Some merits, few issues solved

While there is some merit in this argument, I do not believe that the Elections Act is the answer to these problems, as there are simply too many negative externalities. If the goal is to decrease voter fraud and family voting, other means of doing so should be analyzed. This is especially applicable if the Government is prepared to make drastic changes to our voting system, as we have seen with the Election Act. Furthermore, considering that the conviction rates for this crime are so low, justifying counterarguments solely on convictions may be unwise. The number of allegations since 2017 is just over 1,700 and this could be used to justify an increase of security at elections.

Moreover, the argument of family voting could also be included in this justification. Family voting remains a big issue in the electoral process, with ‘Democracy Volunteers’ recording instances of family voting in 20% of the studied polling stations. Enforcing photographic ID would tighten up security around polling stations therefore making family voting much less likely. 

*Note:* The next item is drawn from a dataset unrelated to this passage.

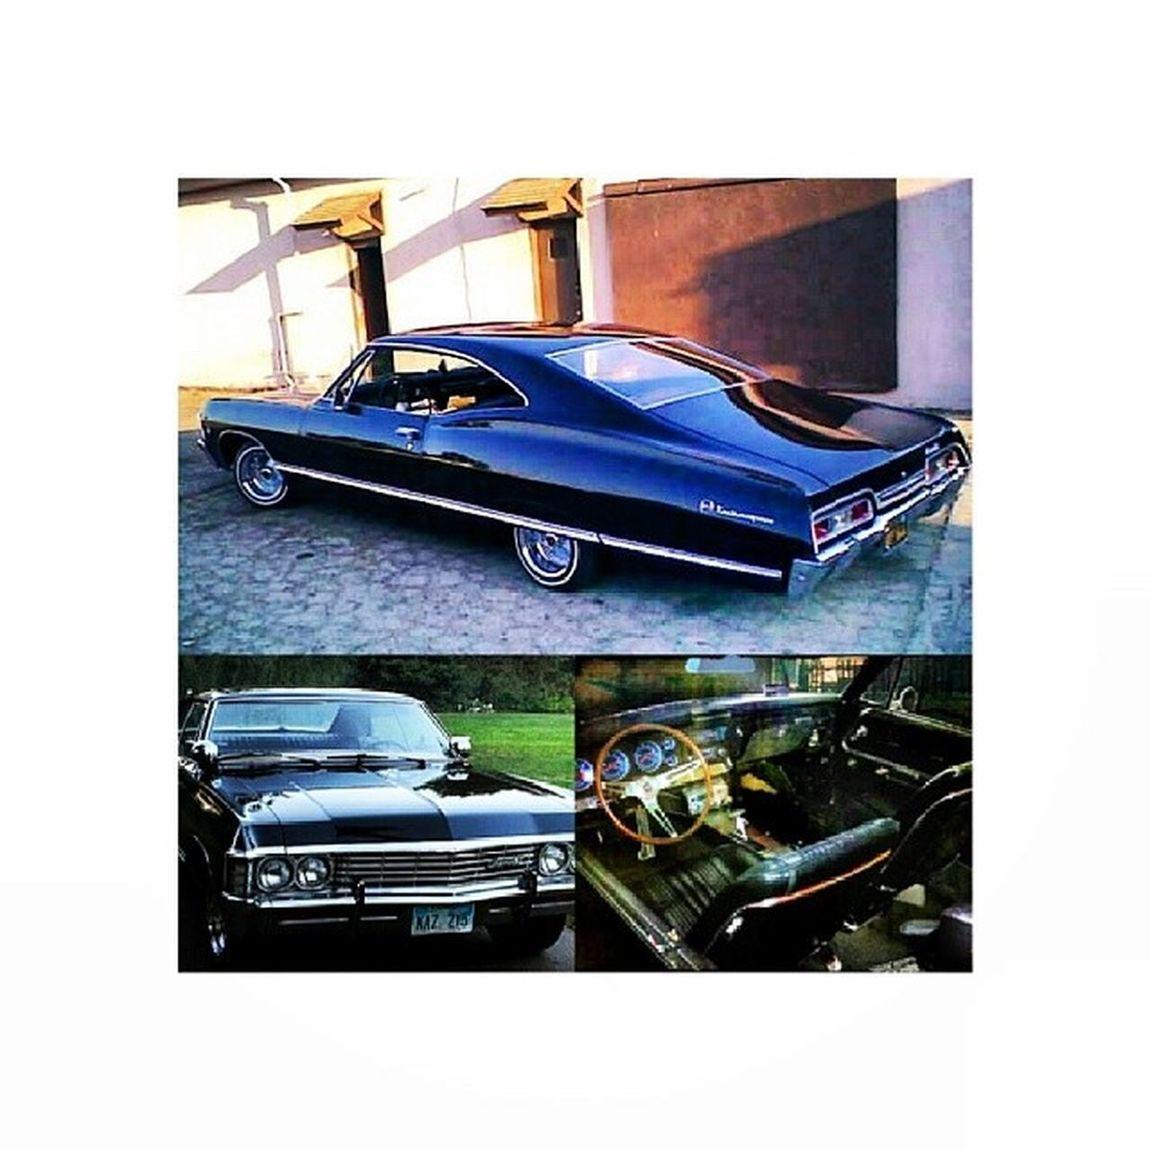 En sevdiğim Chevrolet Impala67

Considering this Act has been the biggest change in the way we vote for 150 years and it has an estimated annual enforcement cost of £18,000,000, other policy measures should have been assessed beforehand. Other policy changes such as same day registration would increase security at elections whilst not harming our political freedoms. Given that same day registration reduces the likelihood of voter fraud, it makes me wonder why this policy change has not been on the agenda for years.